Once upon a time, I said my prayers every night. I even wrote my own prayer, all about rainbows and the other pretty things that concern an eight-year-old girl, and I memorized it, adding it to the Our Father and the Hail Mary that ended my day. Once upon a time, I prayed the rosary to lull myself to sleep when my teenage worries kept me up too late.

Then, at sixteen, I “left my faith.” That’s the phrase that’s used but it’s not what really happened. What I actually left was a religion that was incompatible with who I had become. The young woman who had once felt ’chosen’ by God, had become disillusioned by a Church community whose hypocrisy showed through in all those who attended only on Christmas Eve, decked out in full length fur coats; vanity seemed to matter more to those people than the values of the church’s teachings. In addition, a troubled relationship with my alcoholic father made it difficult to connect with God the Father; I just couldn’t manage to trust either of them. I was also a budding feminist and ecologist, neither of which I was able to reconcile with the church’s various policies.

What I went looking for was a new container, a new belief set that would be able to hold the ideals I still felt in my heart. I was young and not quite sure if faith could exist without a religious context but I felt the need to try. Damage was done along the journey; things were lost. One of the things I lost was prayer.

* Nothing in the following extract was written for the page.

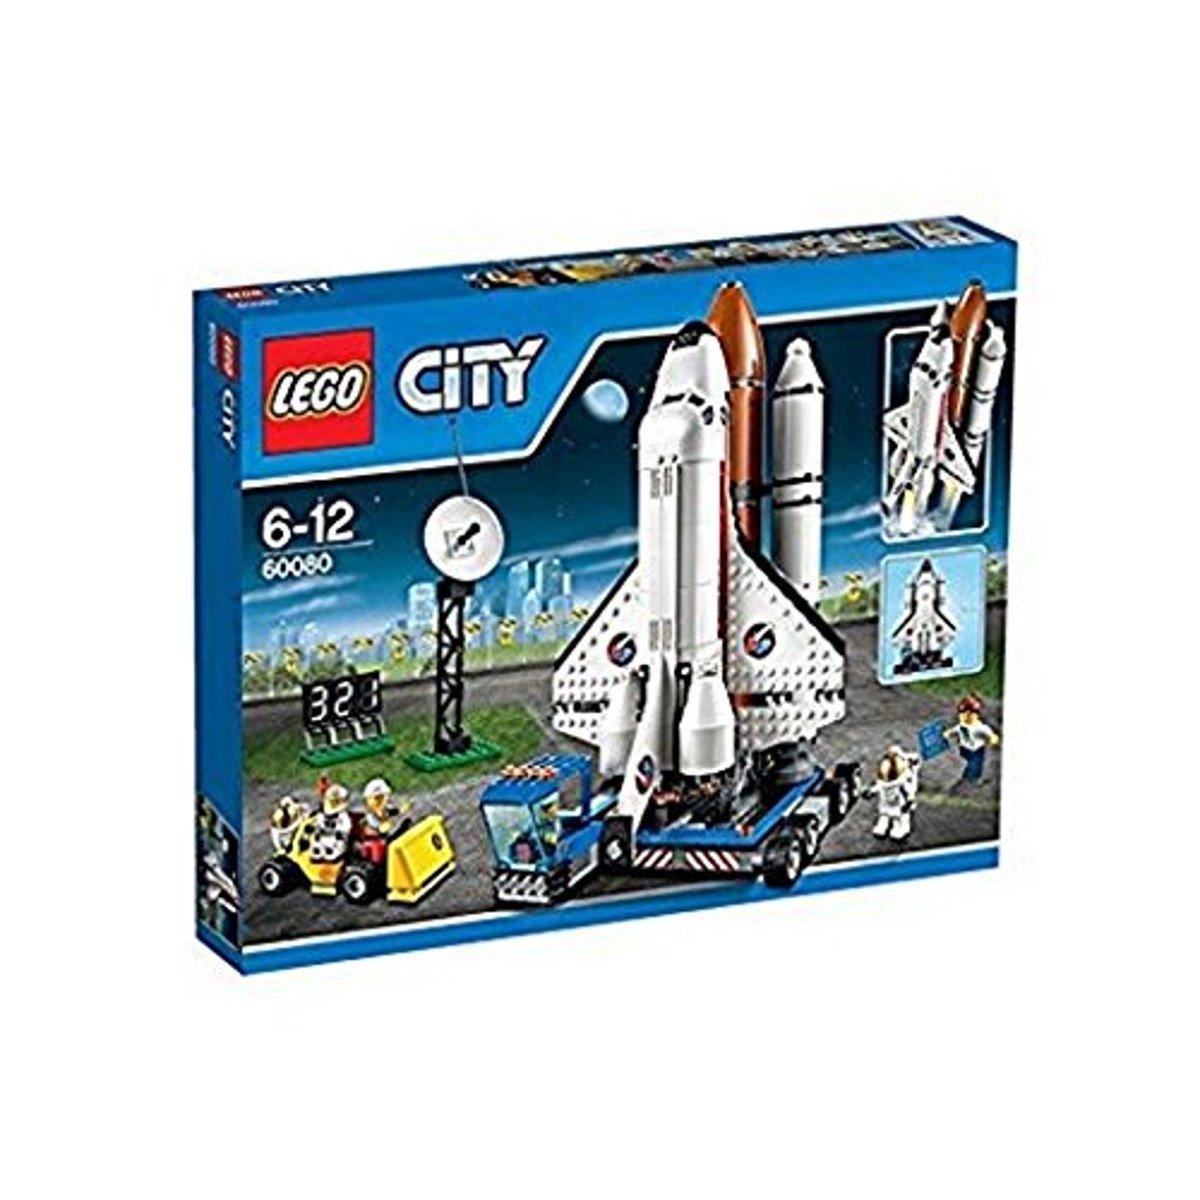 Raumschiff Spielzeug - Lego City 60080 Raketenstation

Years passed and I explored my faith and what context of religion could hold it. I explored various organized religions, vetoing every one as not quite right and never quite finding a view of the Divine with which I was comfortable. I missed praying but couldn’t force myself to do it. I thought, how can you pray when you don’t know who to pray to? Prayers had to be addressed to a recipient, didn’t they? I still had no name for ’God’ and so I turned away.

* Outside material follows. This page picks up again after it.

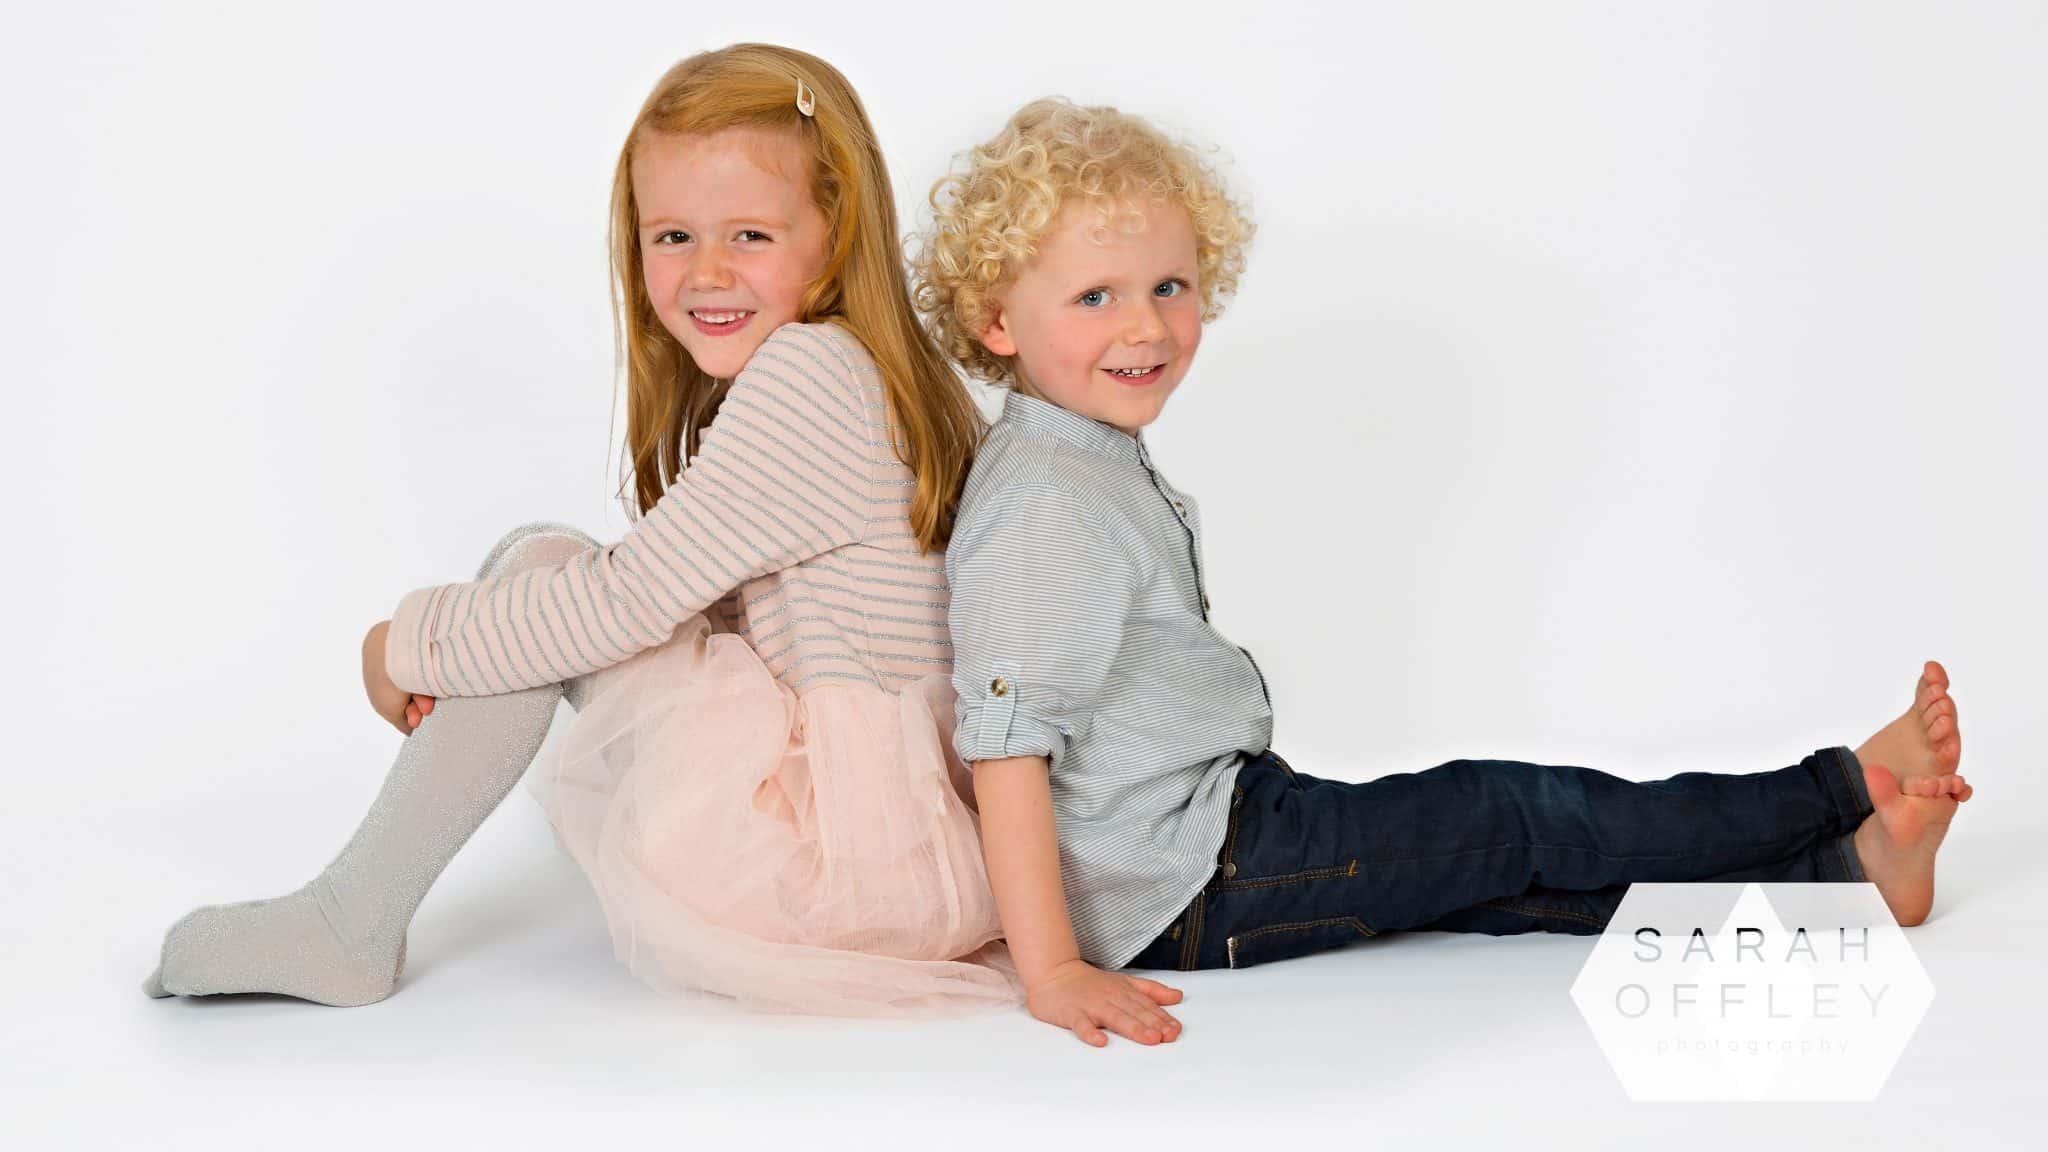 child photography sarah offley

When September 11th hit, much of the world as I knew it fell out from under me. I didn’t know anyone first hand who died on that day but I did sit in a car half a mile from my home in Queens and watch the next day as the smoke plume rose over NYC. The event itself, in my ’backyard’, was difficult enough but then illness visited our household in the same month that I found out I was pregnant with our second child. I spent the entirety of my pregnancy wondering about a future I had always taken for granted.

All this came hard on the heels of my brother’s untimely death the summer before, as well as news of both my parents’ and my sister’s imminent divorces. It seemed all the world was suffering, both the world at large and, more immediately, in my family.

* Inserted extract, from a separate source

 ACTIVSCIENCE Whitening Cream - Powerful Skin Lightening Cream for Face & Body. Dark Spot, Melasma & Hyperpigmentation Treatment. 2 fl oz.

The year before, I had set up a family altar in my living room. On it were pictures of my family and little figurines representing each of us – a tiny bird for my daughter, a smiling dragon for my husband, and a meditating monkey whose expression reminded me somehow of my own. There was also a candle, my symbol for Spirit.

In my need to do something amid all that turmoil, I would light that candle nightly. I would wrap my heart around the thought of all those people mourning their loved ones lost on 9/11. I would think of my own loved ones, struggling with their own pain. When stress and frustration and feelings of helplessness overwhelmed me and I lost my temper with my daughter I would ask some unnamed source for strength; I would ask that I be able to treat both her and myself with loving kindness. I would focus on the warm light pouring off that candle and, like Mary, I would “ponder these things in my heart.”

As I grew more comfortable with lighting the candle I began to write notes in my journal, neutral notes asking for blessings for others or strength for myself. My life coach had me work with affirmations. I began to accept that prayer could have a wider definition than just what I learned as a child. Prayer could take many forms. I also began to understand that I didn’t necessarily have to have a name for ’God’ in order to pray. Maybe I could just pray and the prayers themselves would figure out where to go. Maybe it was the act of praying that was most important.

In all the anguish of the loss and uncertainty of that year I learned to recognize what my faith looked like. I hadn’t realized before that I still had it but what I had always taken as heart to heart talks with loved ones turned out to be faith. What I had always taken as a selfish but slightly pointless act, the keeping of a journal, turned out to be my faith. All those little things -- creating sacred spaces like my little altars, lighting candles and working with affirmations, all those things so deeply ingrained in who I was that I almost forgot about them -- they were my faith, too. They were all prayers, different from what I had first known but prayers nonetheless.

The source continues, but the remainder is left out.